How’s your faith level?

Rate yourself with a number: 0 meaning barely maintaining any to 10, full strength faith. Then let me give you some encouragement.

Matthew 17:20

  • Jesus healed people but his disciples failed.  Why?
  • He replied, ‘Because you have so little faith. ‘
  • Even then and there, in the company of the Lord himself his disciples could not muster enough faith. Jesus rebuked his disciples often for their lack of faith.
  • If you have the same problem then you are in exalted company – don’t feel too bad about it!

Matthew 6:25-34

“Why pray when you can worry?”

Jesus told us not to worry.

  • 32For the pagans run after all these things like food and drink or clothes or life in way, and your heavenly Father knows that you need them.  You are more important to God than kings, flowers and sparrows: God provides their needs so he will certainly provide yours.

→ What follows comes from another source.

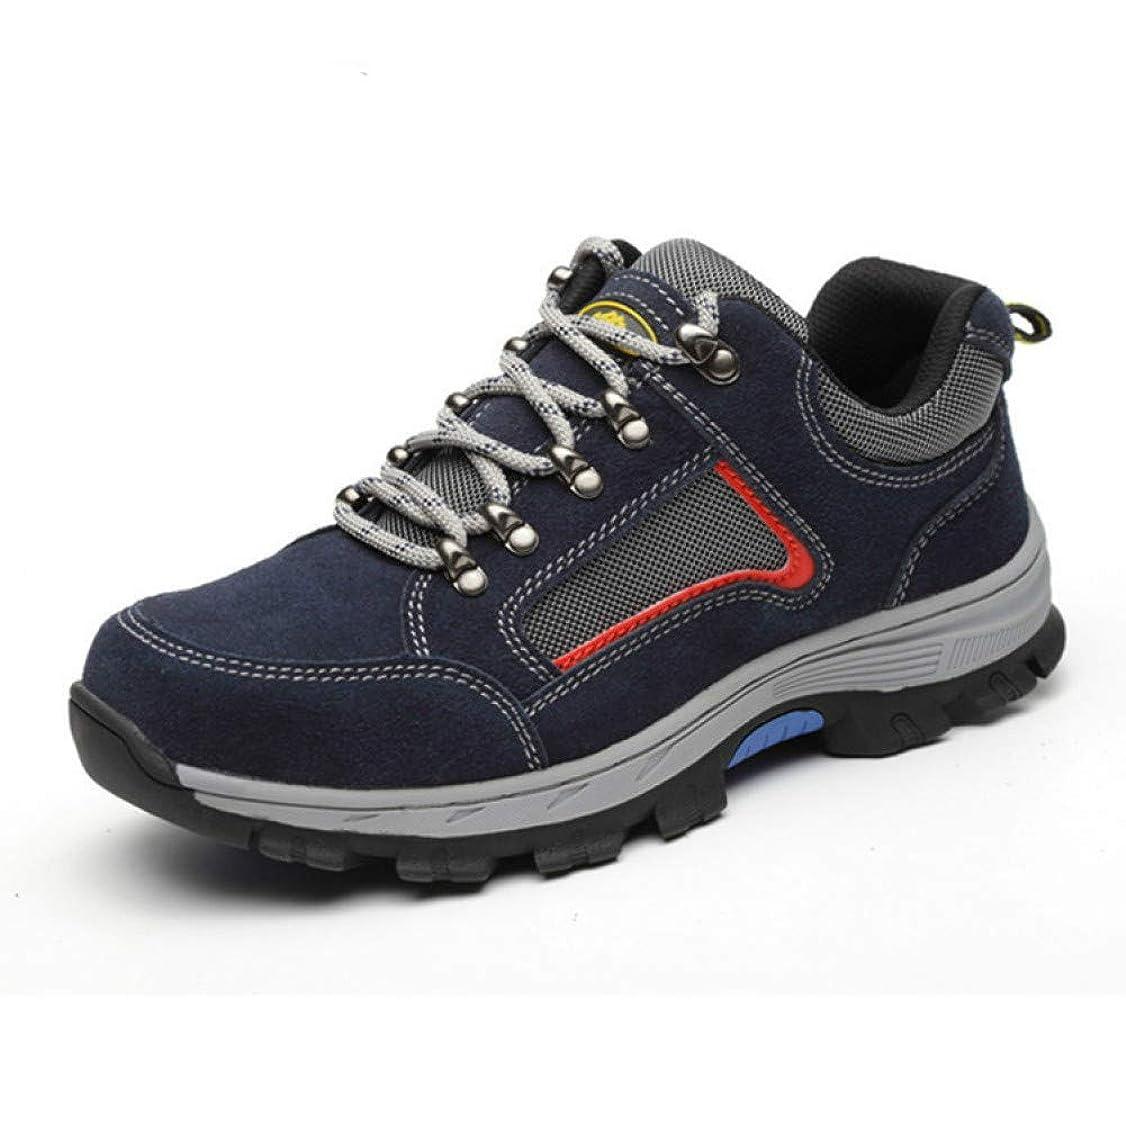 もっと勝つポンペイ安全靴 作業靴 メンズ レディース 登山靴 つま先保護 耐磨耗 衝撃吸収

Have faith in your loving Heavenly Father. 34Therefore do not worry about tomorrow, for tomorrow will worry about itself. Each day has enough trouble of its own.
  • Move from faith level to faith level.  Get your priorities right:
  • 33But seek first his kingdom and his righteousness, and all these things will be given to you as well. 

Faith works:

Matthew 9

  • 2 the friends of the paralysed man lowered him down through the roof.  Jesus said it was the faith of these friends and it was this faith that led to the man being healed
  • 22. A woman who had been subject to bleeding for 12 years touched the hem of Jesus garment.  He said, “take heart, daughter, your faith has healed you”.
  • 29. Two blind men declared they had faith that Jesus could heal them. Jesus said, “according to your faith let it be done to you” and they were healed.
  • But in Jesus home town not many miracles were done because of their lack of faith.

How to build your faith

  1. Ask for faith
  2. Mark 9: 21Jesus asked the boy’s father, ‘How long has he been like this?’ ‘From childhood,’ he answered. 22‘It has often thrown him into fire or water to kill him. But if you can do anything, take pity on us and help us.’ 23  ‘ “If you can”?’ said Jesus. ‘Everything is possible for one who believes.’ 24Immediately the boy’s father exclaimed, ‘I do believe; help me overcome my unbelief!’
  3. Ephesians 2: 8For it is by grace you have been saved, through faith – and this is not from yourselves, it is the gift of God – 9not by works, so that no-one can boast. 
    1. It is a gift from the Holy Spirit:
  • Read the Bible
  • It encourages faith in so many places
  • It is the trustworthy, inspired word of God
  • It shows you the truth, not opinions, interpretations or misinformation
  • Practice it
  • You will never know if your faith is any good until you try it out, practice it, live by it.
  • James 2:14What good is it, my brothers and sisters, if someone claims to have faith but has no deeds? Can such faith save them? 15Suppose a brother or a sister is without clothes and daily food. 16If one of you says to them, ‘Go in peace; keep warm and well fed,’ but does nothing about their physical needs, what good is it? 17In the same way, faith by itself, if it is not accompanied by action, is dead.

Conclusion

  • Faith is NOT believing something you know isn’t true
  • Our faith is based on truth, on reality, on reason, on the one true, creator God. 
  • Our faith is based on Jesus our Saviour who is himself the way, the truth and the life.